A knowledge-based or expert system has been developed for intelligent monitoring and control of industrial pipeline network operations. The expert system would perform the supervisory and decision-support tasks based on the expertise and operating procedures that are documented in the maintainable knowledge base. Since it is the first expert system in the pipeline network applications, the pipeline network of a municipal water supply system was chosen as a testing domain due mainly to the experts' availability and safety reason. The stages of system development are described from the knowledge acquisition to the implementation stage. The paper presents an engineering concept of energy management that was applied to build part of the knowledge base in the system. The potential advantages of the expert systems are also listed at the end of this paper.
The pipeline network is one of the most essential components in oil and gas transportation industries. For municipal utilities, the pipeline network system is also an important component that distributes water and natural gas to industrial and business consumers as well as residents throughout the city. The pipeline network system normally consists of a series of pipes (with components such as elbows, tees, valves, etc.), pressurized equipment (pumps or compressors), storage rooms (reservoirs or tanks), and field instruments (flow meters, pressure gauges, level sensors, etc.). Generally, all components are installed in the network at various locations so that a remote monitoring and control system is absolutely necessary. The status of equipment and measurement signals from field instruments are typically sent through modems and telephone lines to a main control station. Operators at the station will monitor the incoming data: when emergencies or changing of process variables occur, the operators will take a series of actions to control the process equipment in order to ensure smooth operations.

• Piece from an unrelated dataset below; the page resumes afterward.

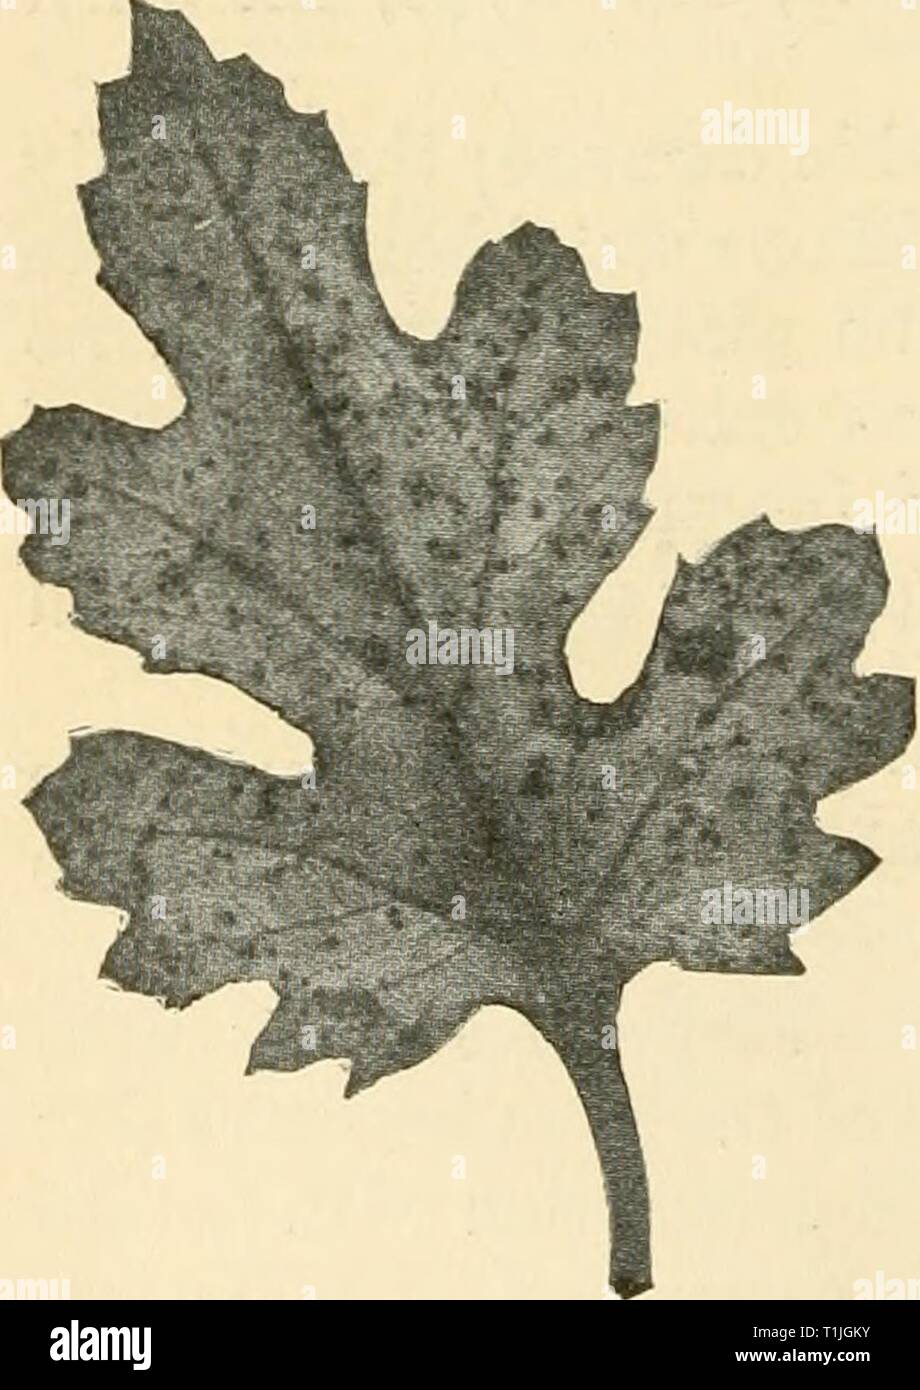 Diseases of economic plants (1921) Diseases of economic plants  diseasesofecon00stev Year: 1921  418 Diseases of Economic Plants CHRYSANTHEMUM Leaf-spot ••'' {Septoria chrysanthemella Cav.). — Large brown to black blotches, often irregularly circular and of indefinite border, appear upon the leaves. These enlarge and coalesce to involve the whole leaf, which withers, dies, and falls away. The lower leaves are first affected, but in later stages all the leaves of the plant may be badly spotted, and practically complete defoliation may result. Cuttings from infected stock should be avoided. All  Stock Photo

For the large-scale pipeline network, there would be hundreds of data signals reported to the main control station at every time interval. Ideally, operators should observe all input data reported on the screen(s), analyze them correctly and use them to make proper decision within a few seconds. Of course, the operators who are experts would know how to select the necessary data for solving each type of problems Although expertise is transferable to new operators, some is tacit and difficult to understand within the training courses. The trainees also need a certain period of time to absorb the material and to get used to the system.
An expert system for monitoring and control of the pipeline network operations is useful when the most experienced operators will soon resign or retire, and their knowledge and expertise has not been documented and transferred to aspiring operators. This scenario provides the motivation for capturing expertise and heuristic reasoning of the experts on pipeline network operations using artificial intelligent technologies. The paper describes our efforts at this task.
The domain addressed is a pipeline network of a municipal water supply system of typical moderate-sized prairie cities in North America.